Facebook's statement of rights and responsibilities also advises users that it does its "best to keep Facebook safe, but we cannot guarantee it," and that "we are providing Facebook 'as is' without any express or implied warranties."
"Klayman does not seriously dispute that Facebook meets the statutory definition of an interactive computer service, or that Zuckerberg, as a matter of statutory text, provides such a service," Judge Patricia Millett wrote for a three-judge panel.
There also no dispute that Facebook users, not Facebook, created the Intifada page and its offensive content.
Klayman claimed that a "special relationship" exists between Facebook and its users.

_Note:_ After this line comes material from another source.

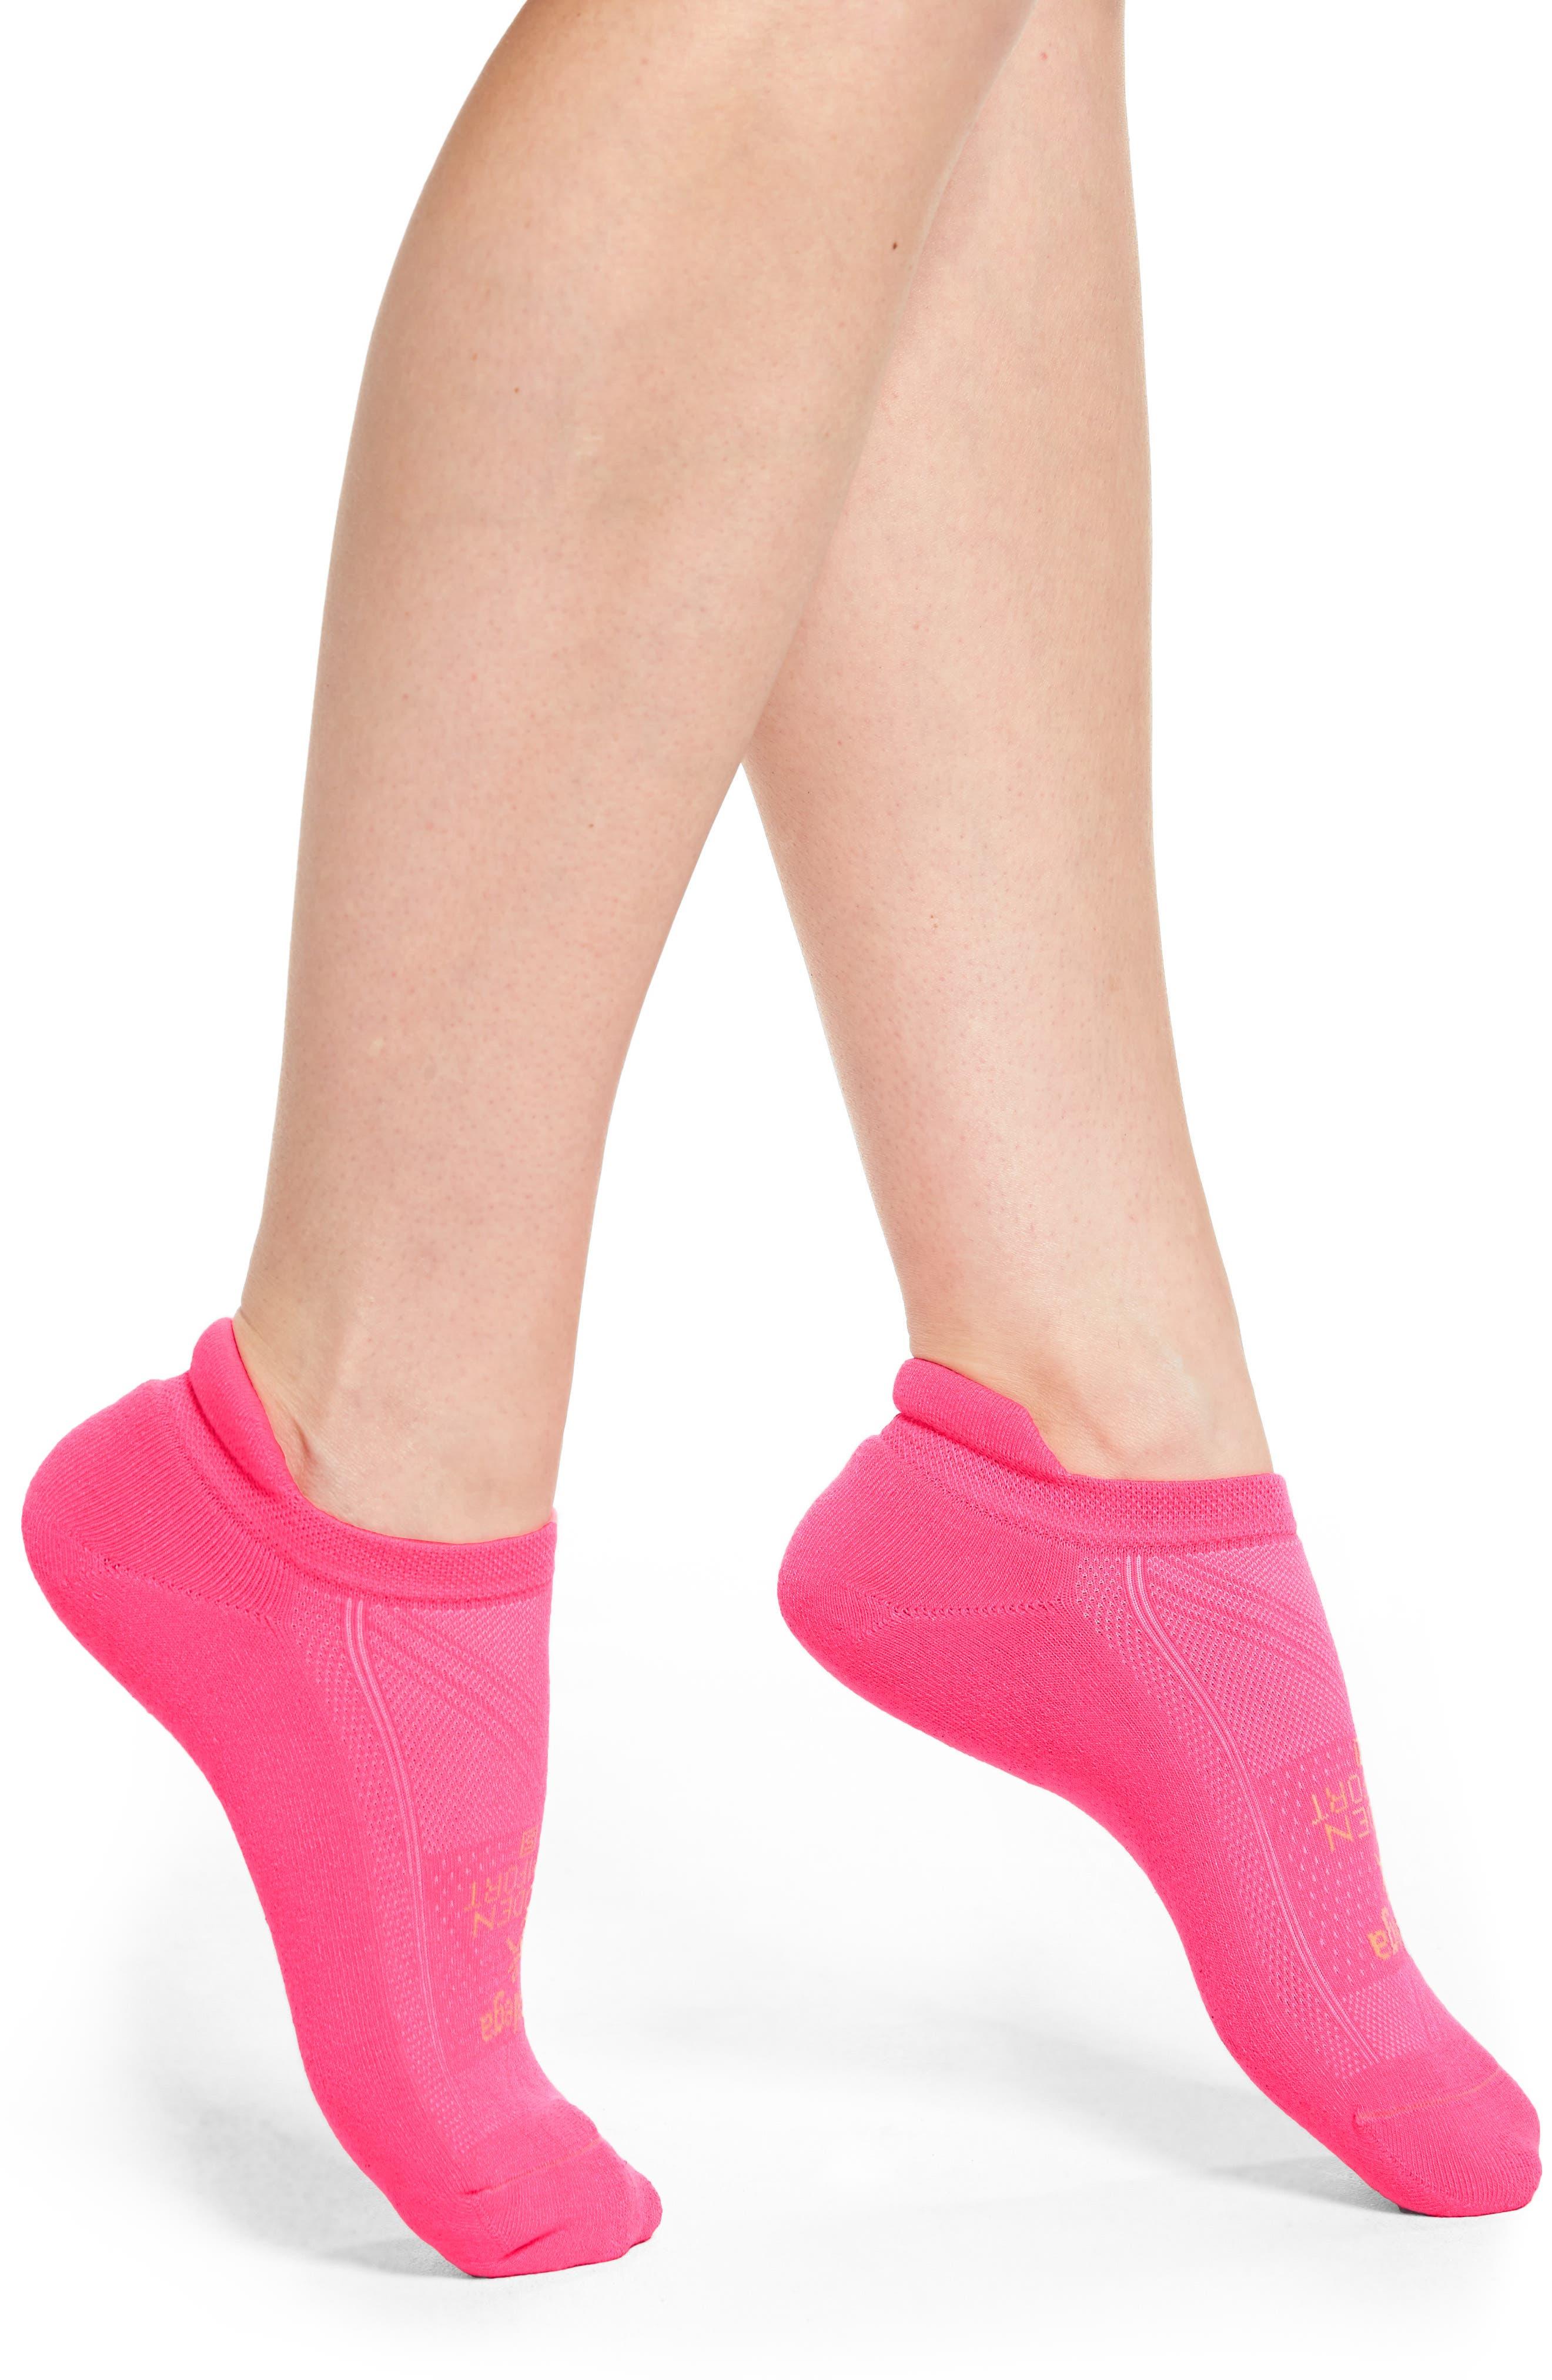 Balega Hidden Comfort No-Show Running Socks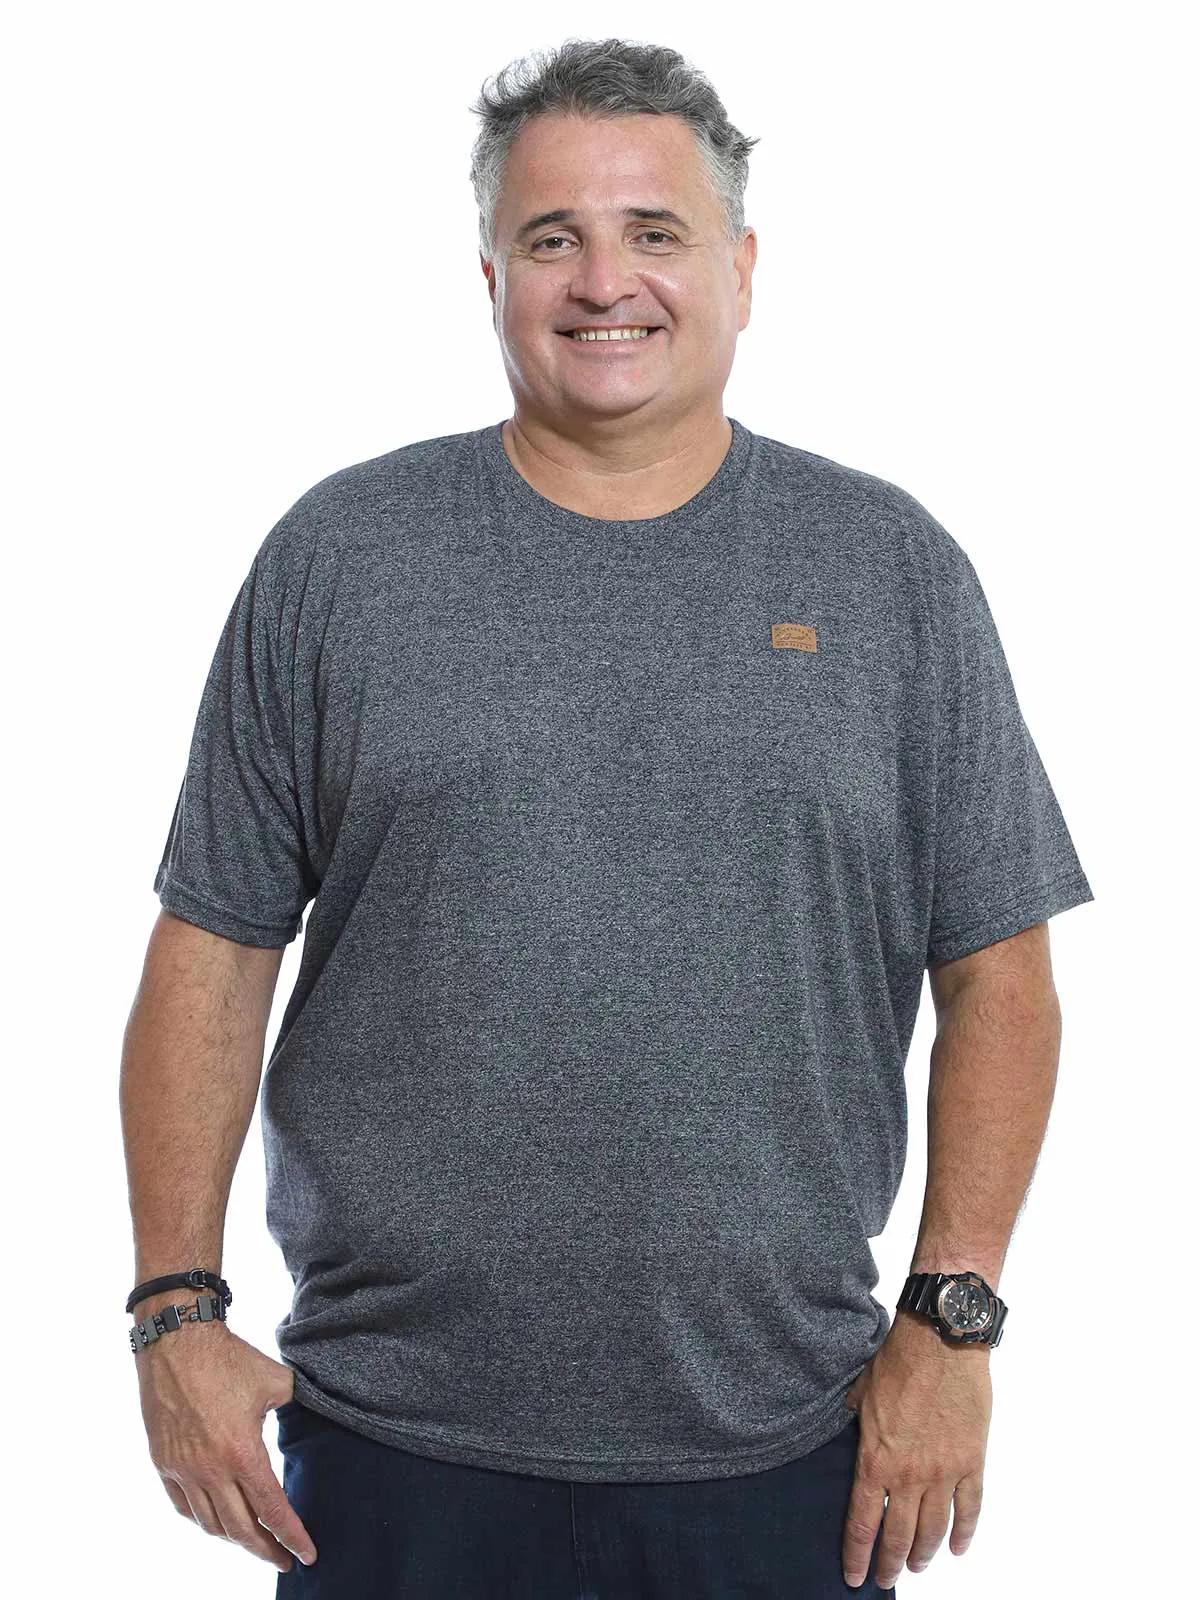 Camiseta Plus Size Masculina Manga Curta Mouline Mescla Preto

But "to the extent that Klayman means that [a] statement allocating rights and responsibilities between interactive computer services and their users by itself gives rise to a heightened state-law duty of care in publishing, that argument fails," Millett said.
"State law cannot predicate liability for publishing decisions on the mere existence of the very relationship that Congress immunized from suit. In other words, simply invoking the label 'special relationship' cannot transform an admittedly waived contract claim into a non-preempted tort action," she added.